# Reheating for 40



## smokeywray (Jun 24, 2008)

I plan on doing the cooking for my daughters 2nd B-day. We should have something like 28-34 adults and about 10 little ones... I'm taking on the duty of doing all the "cooking" (Meat and sides for main course). I know this is a smoking forum, but hopefully some of you can help me out... 

I'm gonna do a few butts for pulled pork. I plan on smoking them a couples days before the party and storing in the fridge. I read the sticky and I'm well learned on how to properly smoke a butt for pulled pork. Here's my question for the pork: After foiling and removing from the heat at 205-210 degrees, should I take them straight to a cooler and allow to rest for an hour or two? Longer? Or, should I leave wrapped and let rest at room temp? How long? When should I add to the fridge? Should I pull the pork before adding to the fridge? I won't add finishing sauce until the pork is reheated and ready to serve. This leads me to my next question: How should I reheat? Is the oven, set at 250, okay?

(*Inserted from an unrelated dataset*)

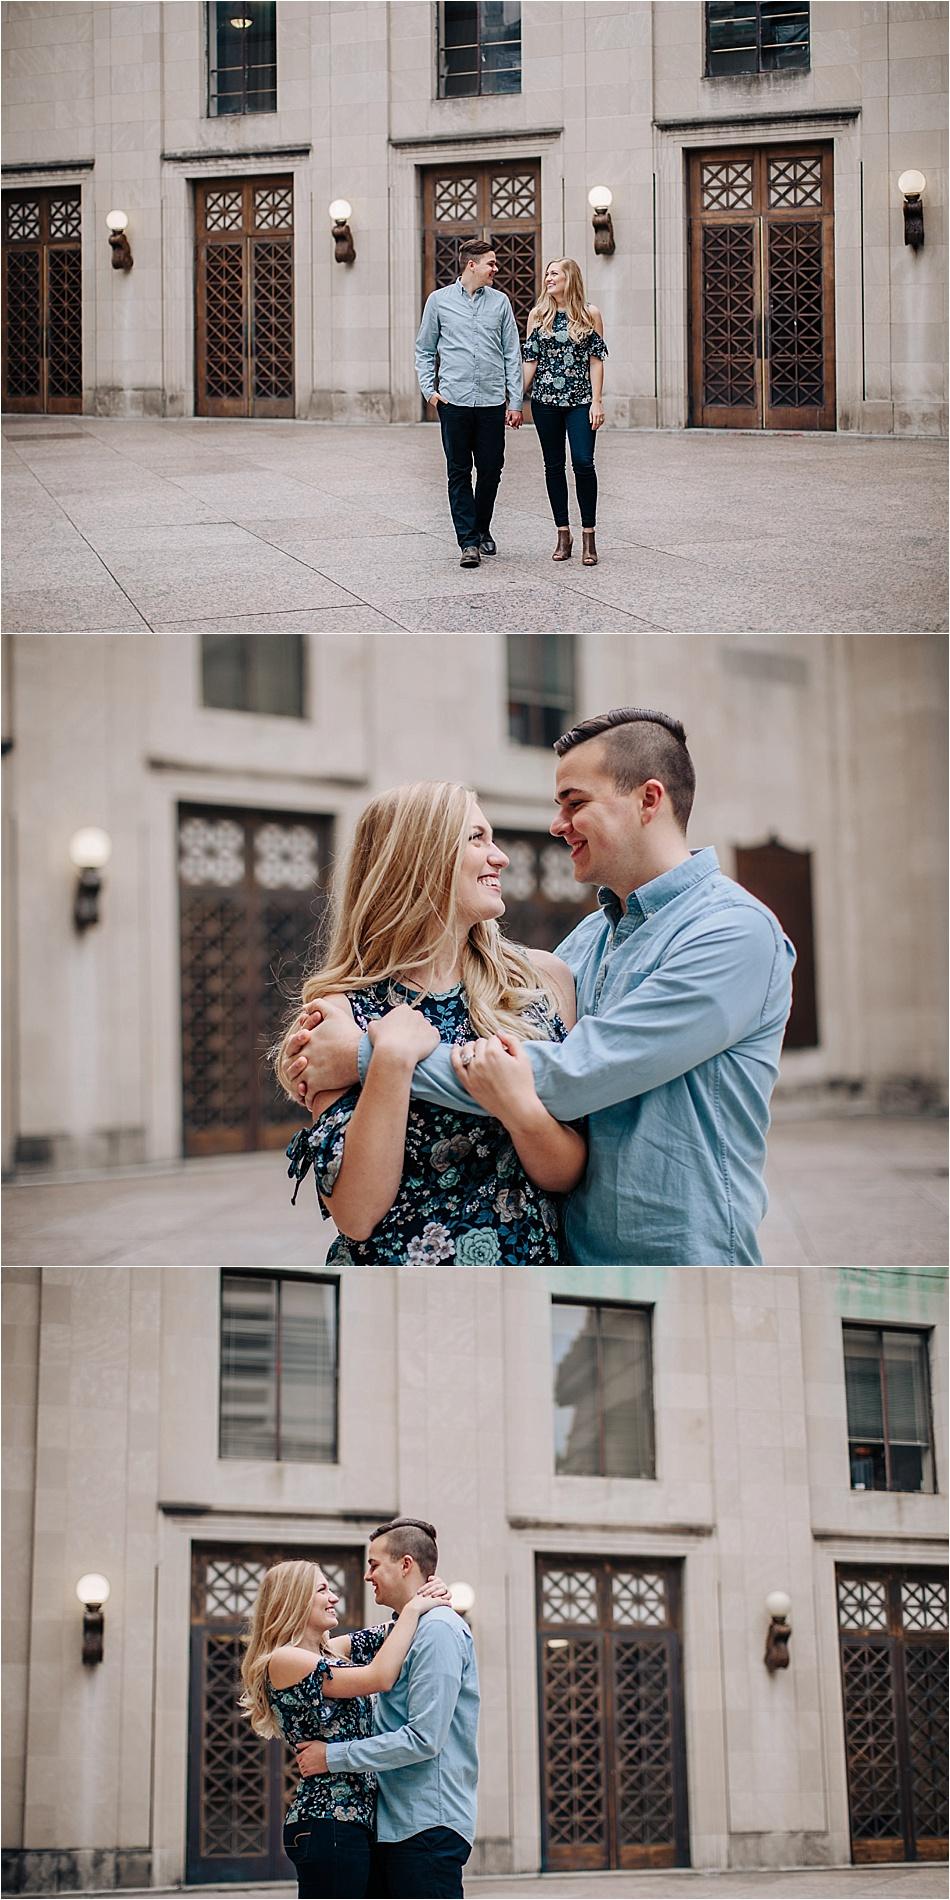 CK-Photo-Nashville-engagement-wedding-photographer-frist-downtown-nashville
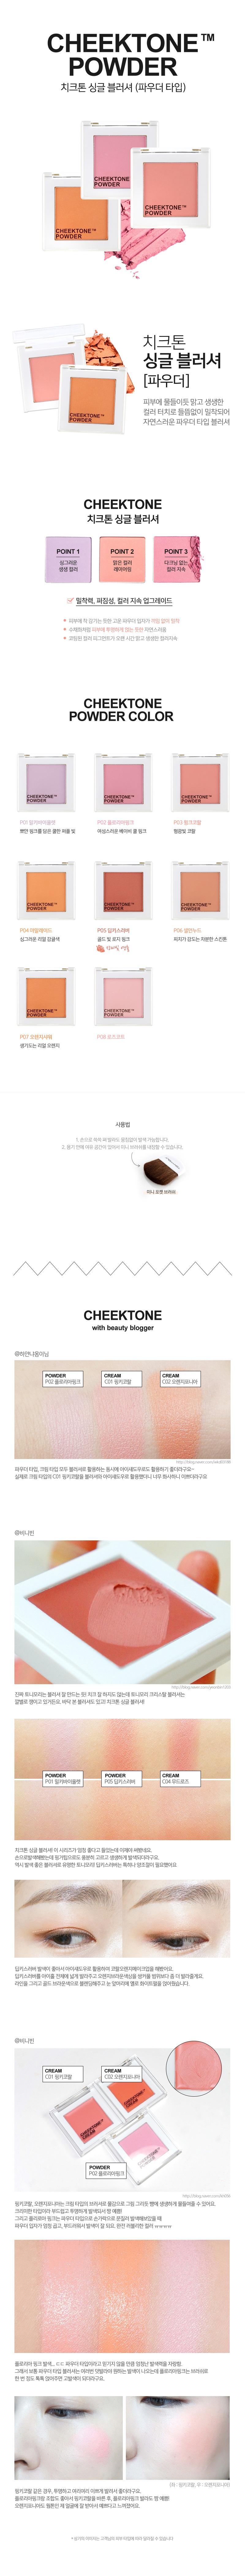 Tony Moly Cheektone Single Blusher Powder korean cosmetic makeup product online shop malaysia spain portugal1

I'm also doing about 5 chickens. I'm not sure if I'm going to smoke the chickens or just beer can them and cook in the oven. I can cook these the day of the party if I do them in the oven. If I do cook prior to the day of the party, how should I store them and then reheat and still retain most of the moisture so that the chicken doesn't dry out?

Thanks for any help.


----------



## lcruzen (Jun 24, 2008)

I wouldn't pre cook the chix if you can get around it. I don't think they reheat very well IMO. The butts I'd go ahead and pull and bag. Reheat with finishing sauce covered in the oven @ 250. I've done it before and it worked well.


----------



## fatback joe (Jun 24, 2008)

I'll second that, pull and bag the pork and do the chicks the day of.


----------



## smokeywray (Jun 24, 2008)

Cool, thanks. Should I reheat the pulled pork in its own drippings? Or throw away the drippings?


----------



## pineywoods (Jun 24, 2008)

I agree try to do the chicken the day of I haven't found a good way to reheat chicken. As for the butts I would cooler them for a couple hours then pull like normal then let it cool a bit and stick in the fridge. Day of party pull it out mix with finishing sauce and put in a roaster pan covered with foil and put in the oven at 250*


----------



## fatback joe (Jun 24, 2008)

I like the drippings if they are defatted......otherwise it is a bit greasy for me.   Drippings mixed with some AJ or BBQ sauce works well also.  Anything to add a little moisture back in there........it doesn't take much though.


----------



## pineywoods (Jun 24, 2008)

Collect the drippings put in the fridge and when cold simply scrape of the fat from the top and add the juice part into either the finishing sauce or into the roasting pan


----------



## smokeywray (Jun 24, 2008)

Great info guys. Thanks for the help. Everything will be beautiful!


----------



## pineywoods (Jun 24, 2008)

Don't forget the Qview


----------



## smokeywray (Jun 24, 2008)

Definitely can't forget the Qview. The party'ss July 12th, I should have them the following monday.


----------